▶ [To do] Without including any pictures, reproduce all the lines below word for word.

▶ [Source material]
>>>>>
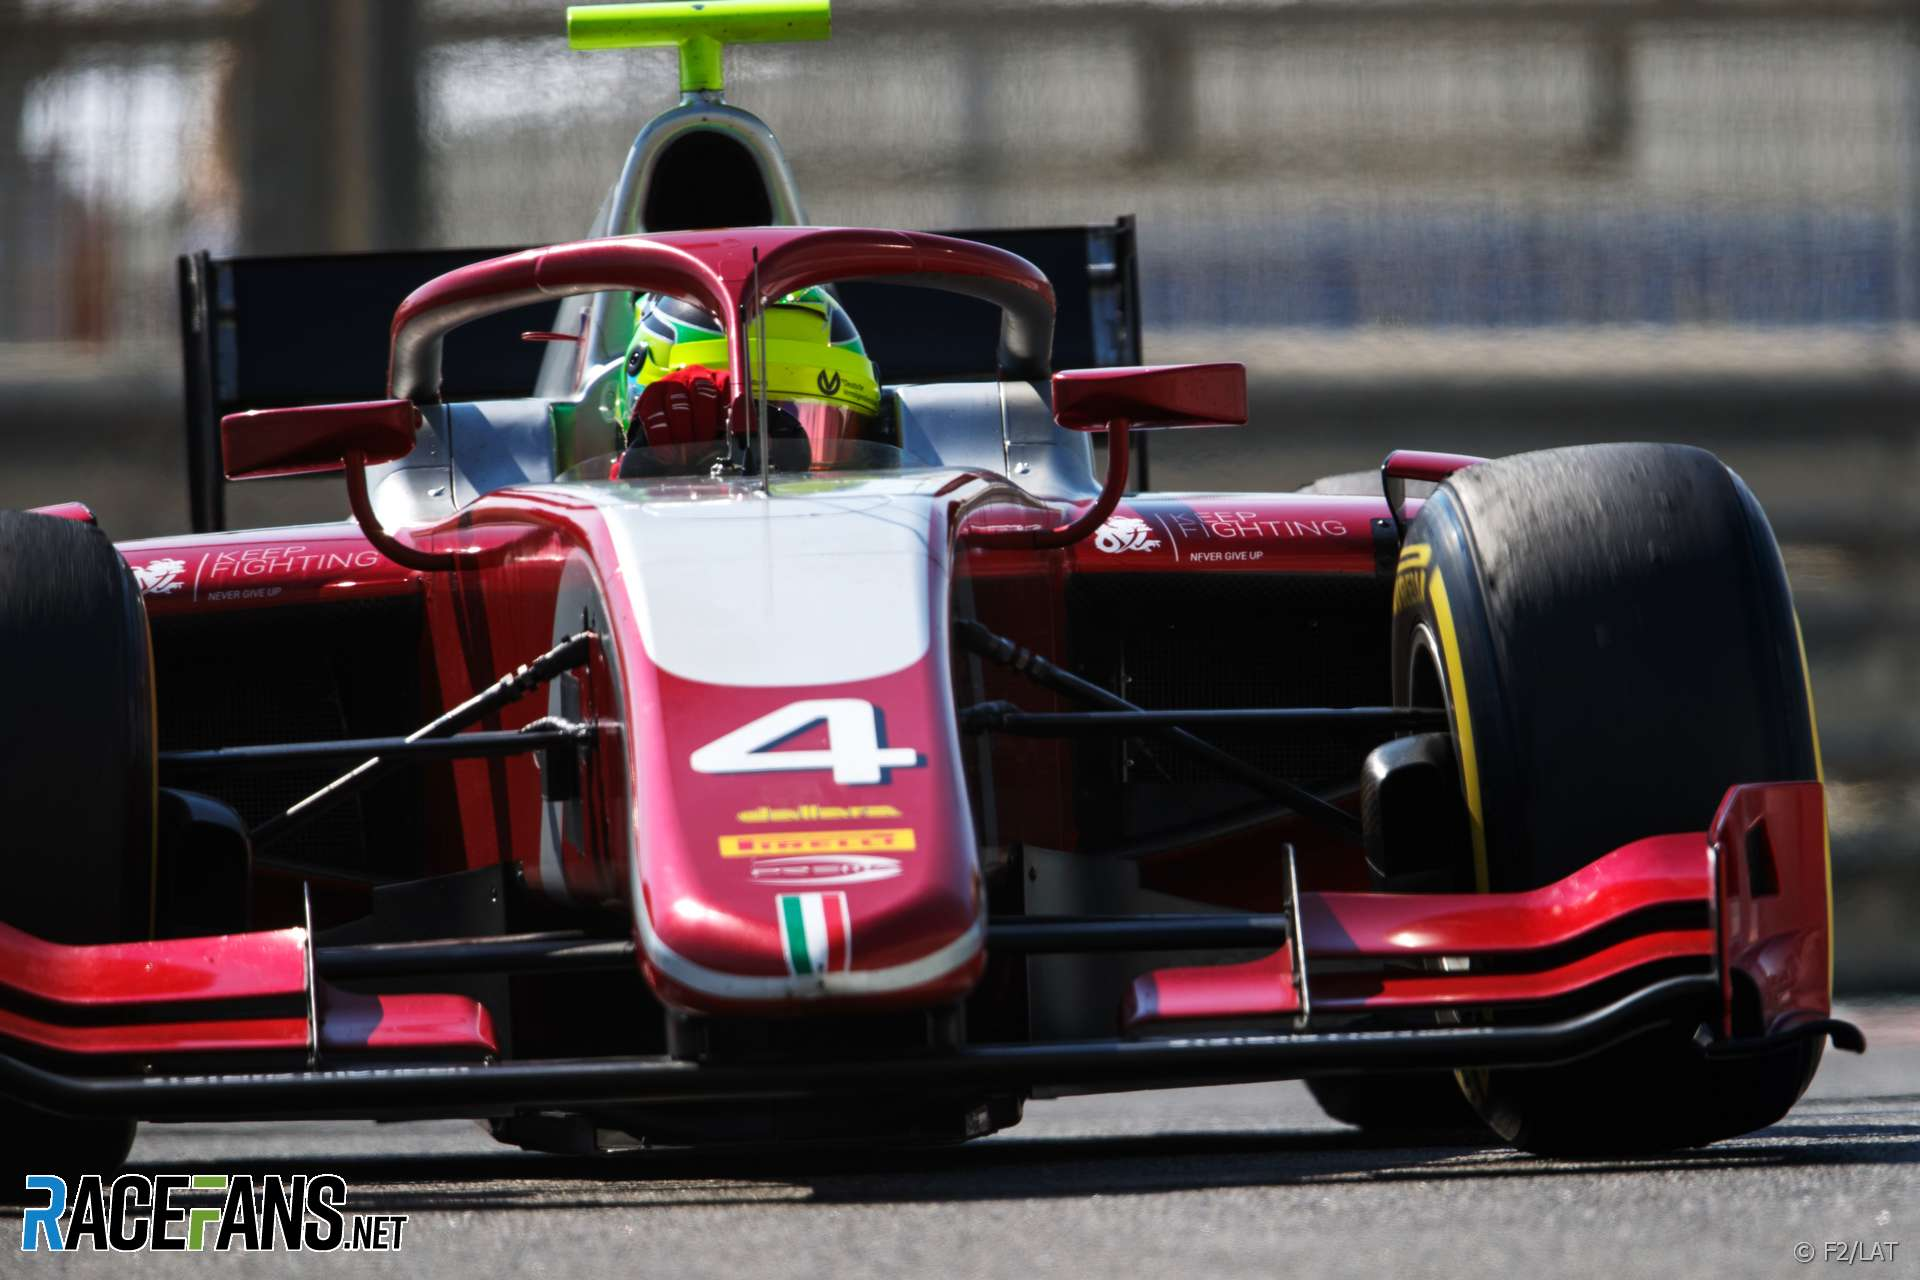 Mick Schumacher, Prema, Formula Two, Yas Marina, 2018
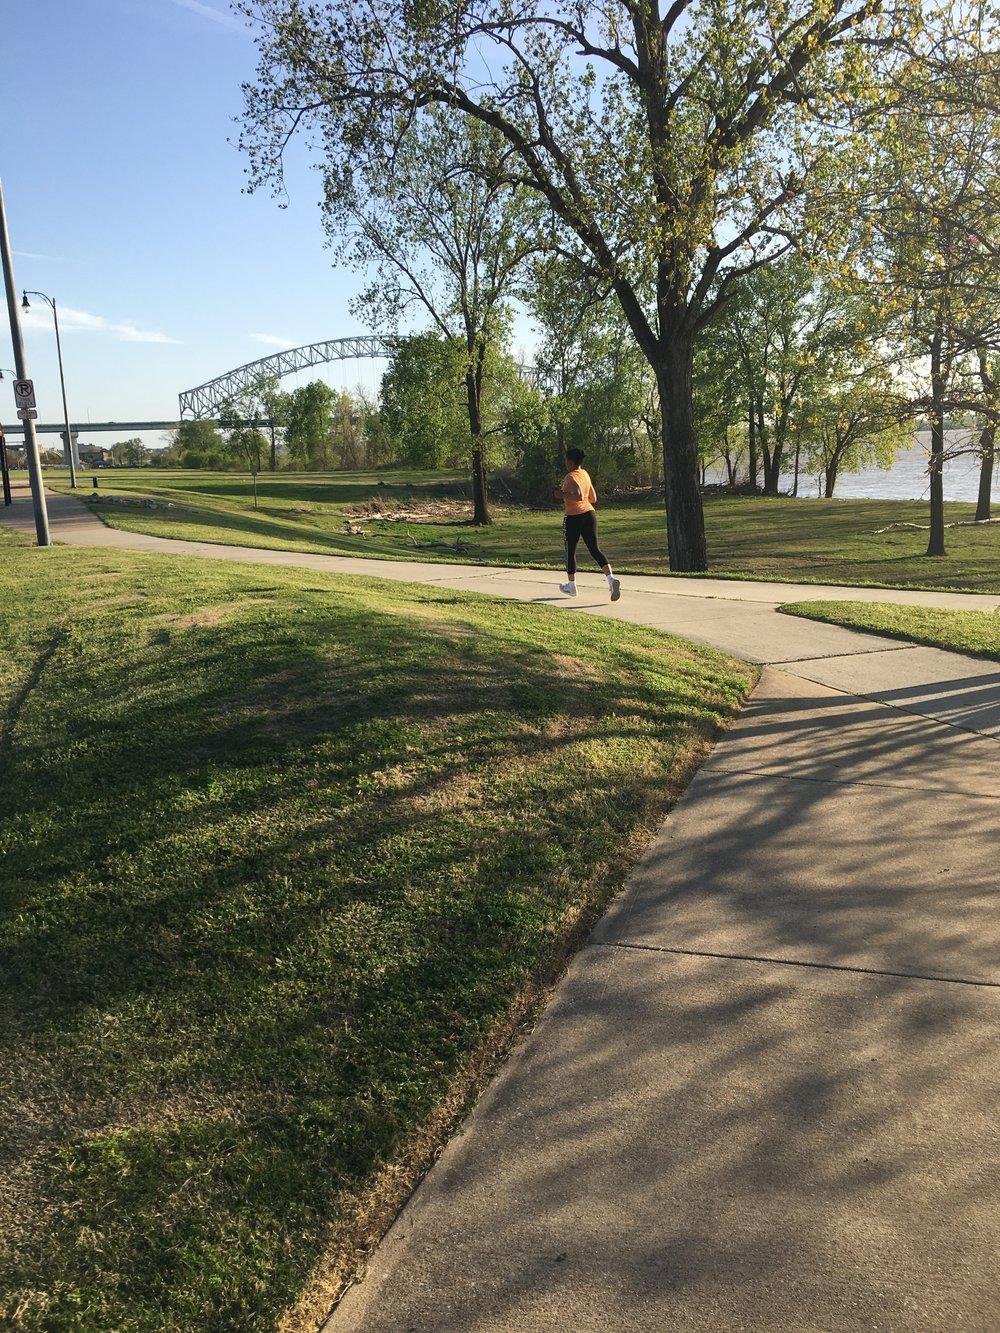 Andrea Fenise Memphis Fashion Blogger shares #40before40 Run A Full Marathon Goal
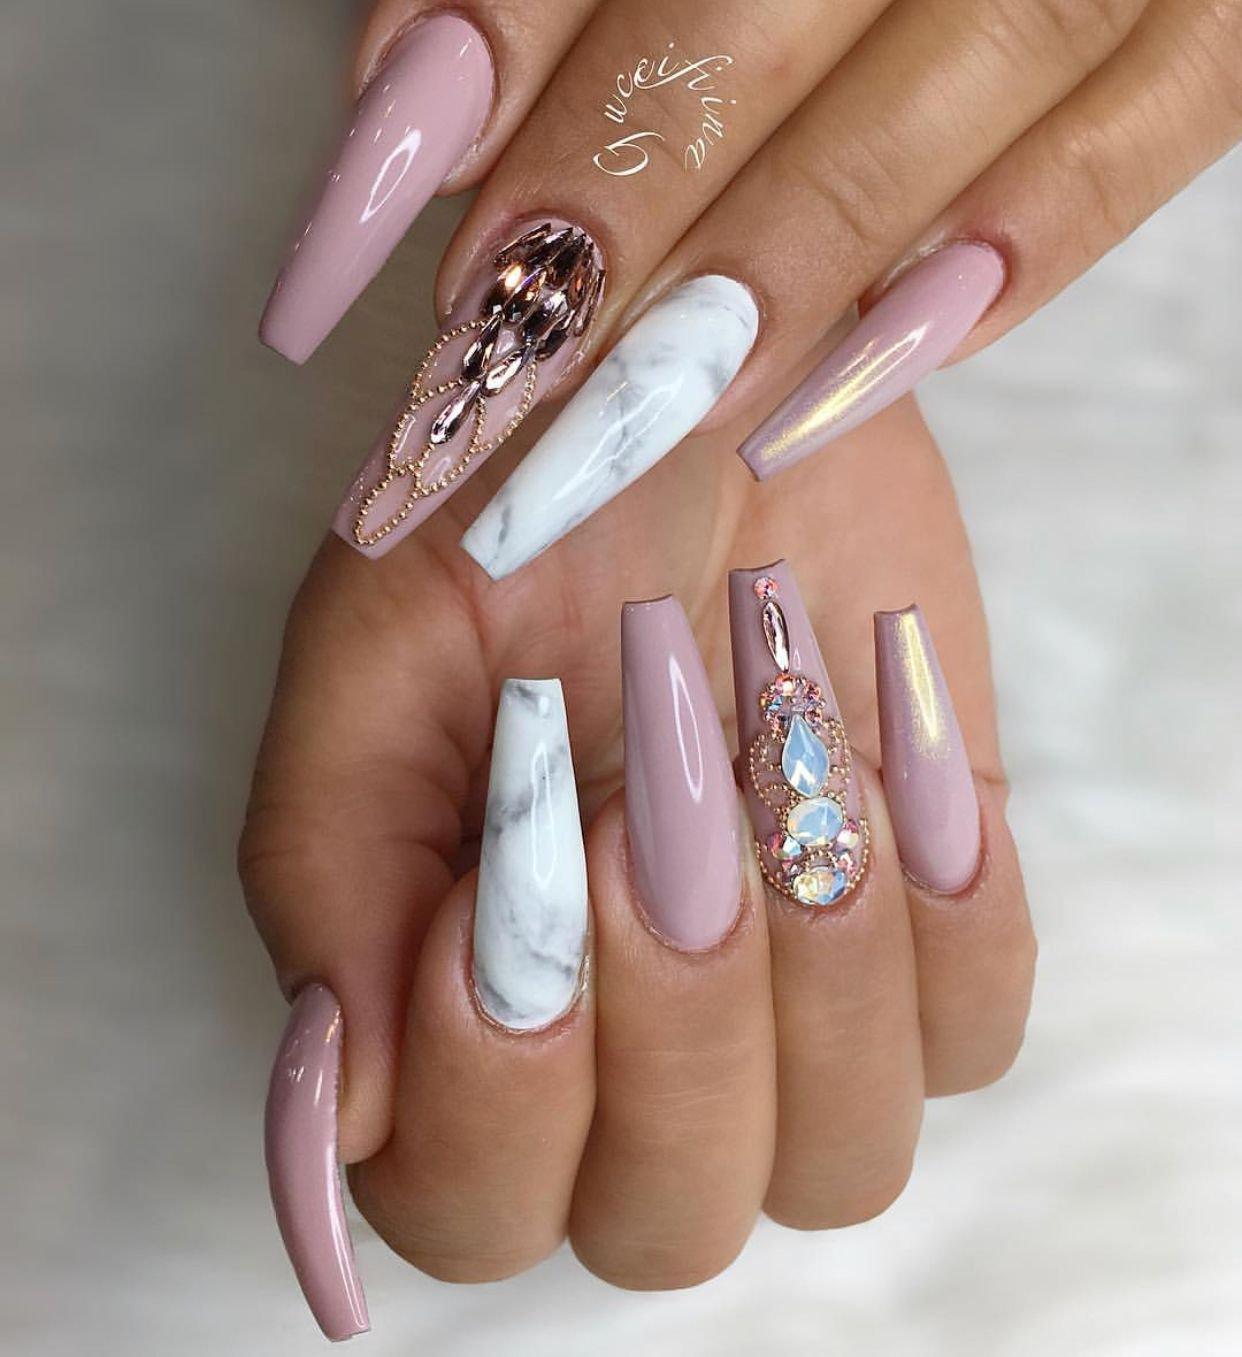 Картинки ногтей формы балерина
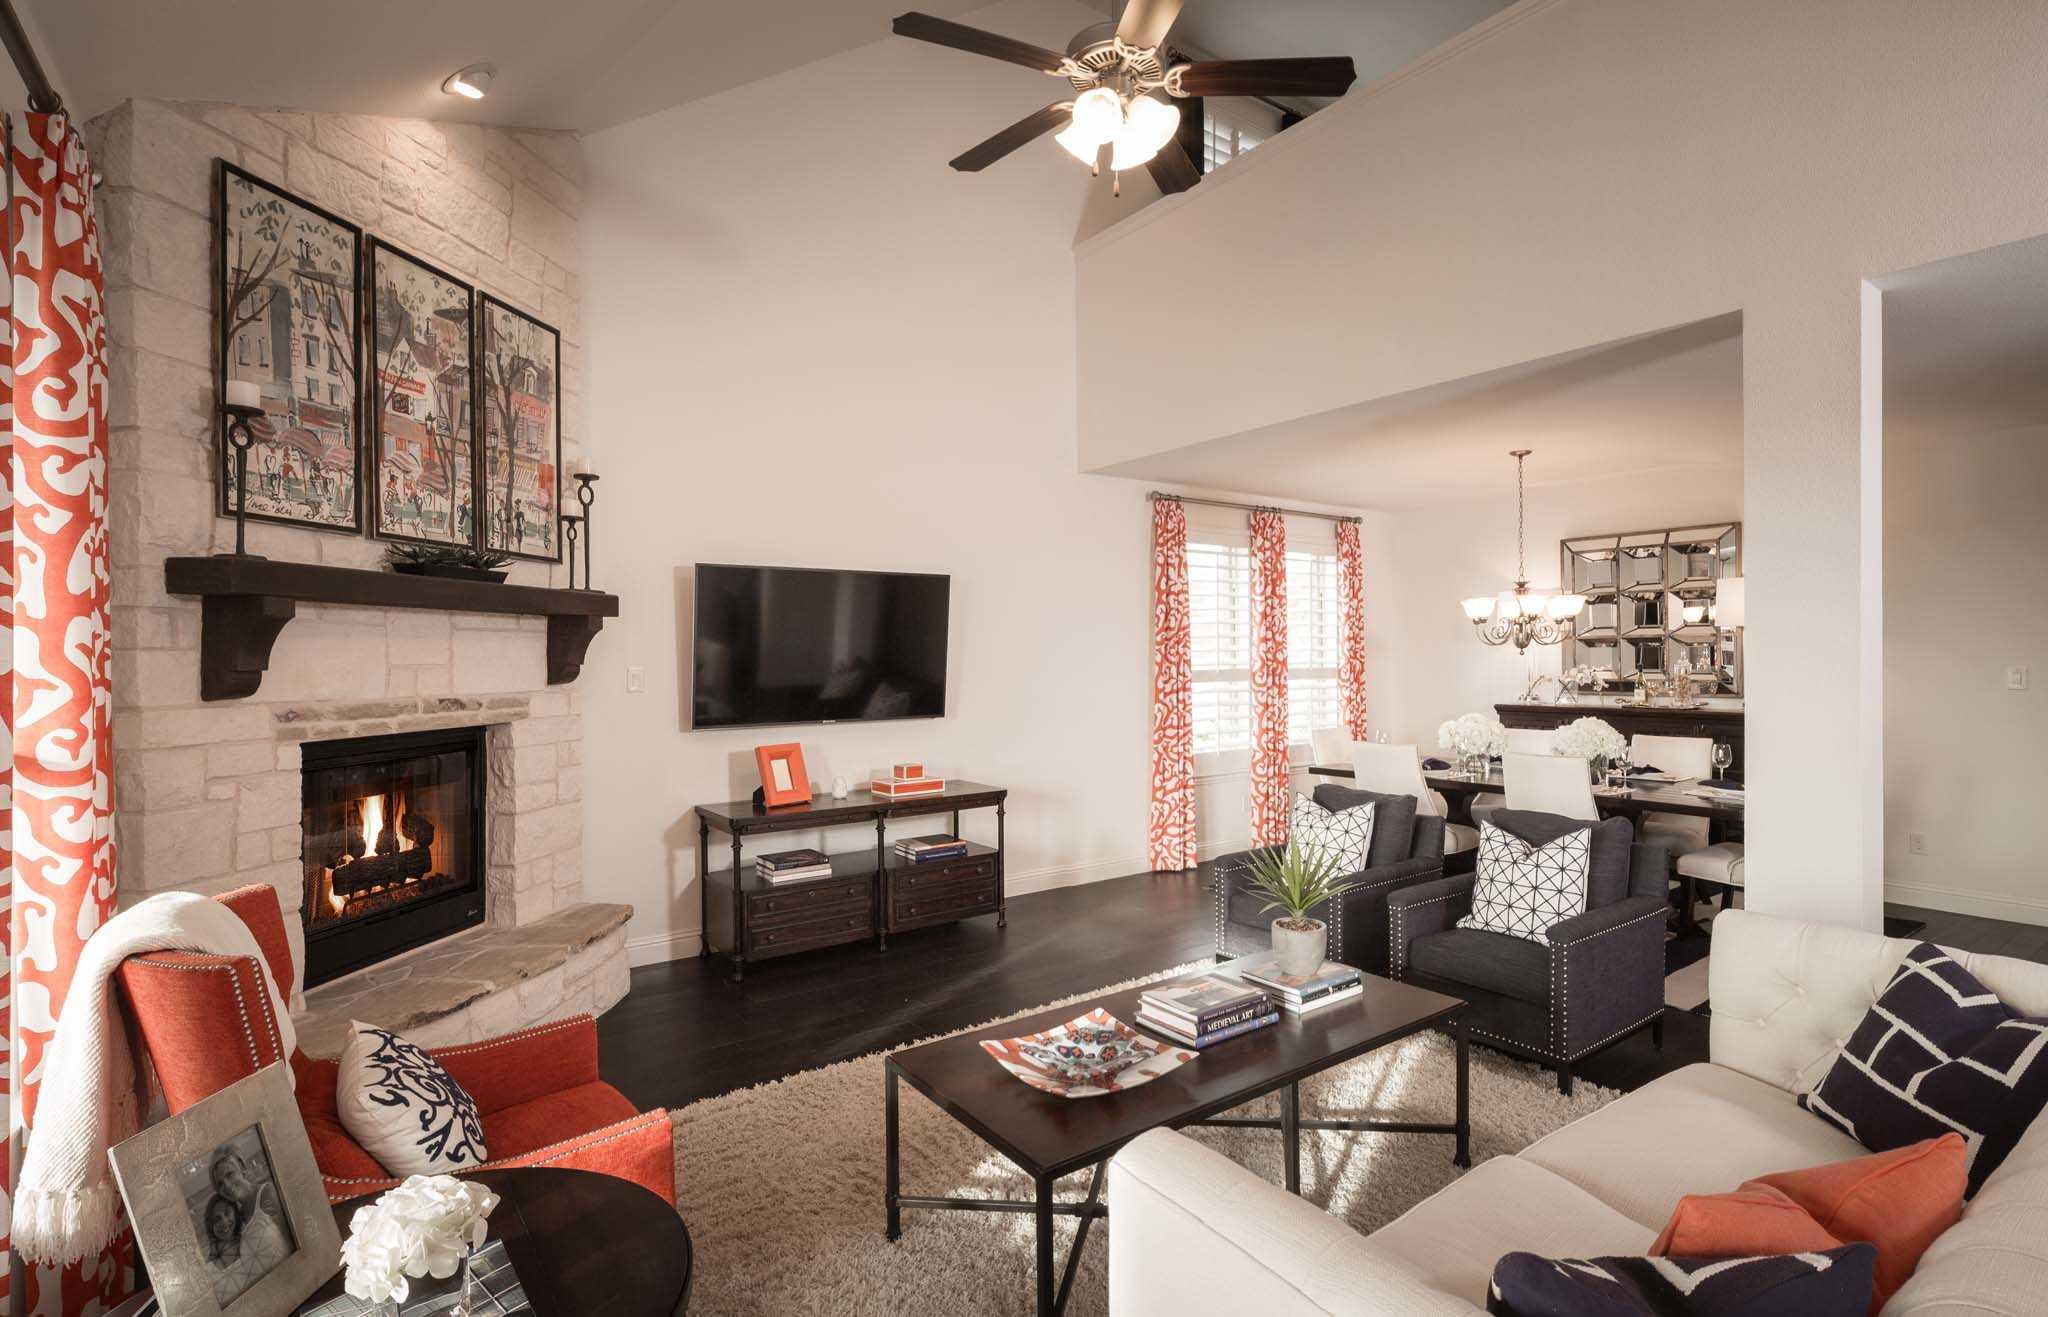 Representative Photo. New Home Plan 207 in Spring  TX 77386
<<<<<
▶ [Written solution]
 Mick Schumacher, Prema, Formula Two, Yas Marina, 2018
 Andrea Fenise Memphis Fashion Blogger shares #40before40 Run A Full Marathon Goal
 Картинки ногтей формы балерина
 Representative Photo. New Home Plan 207 in Spring  TX 77386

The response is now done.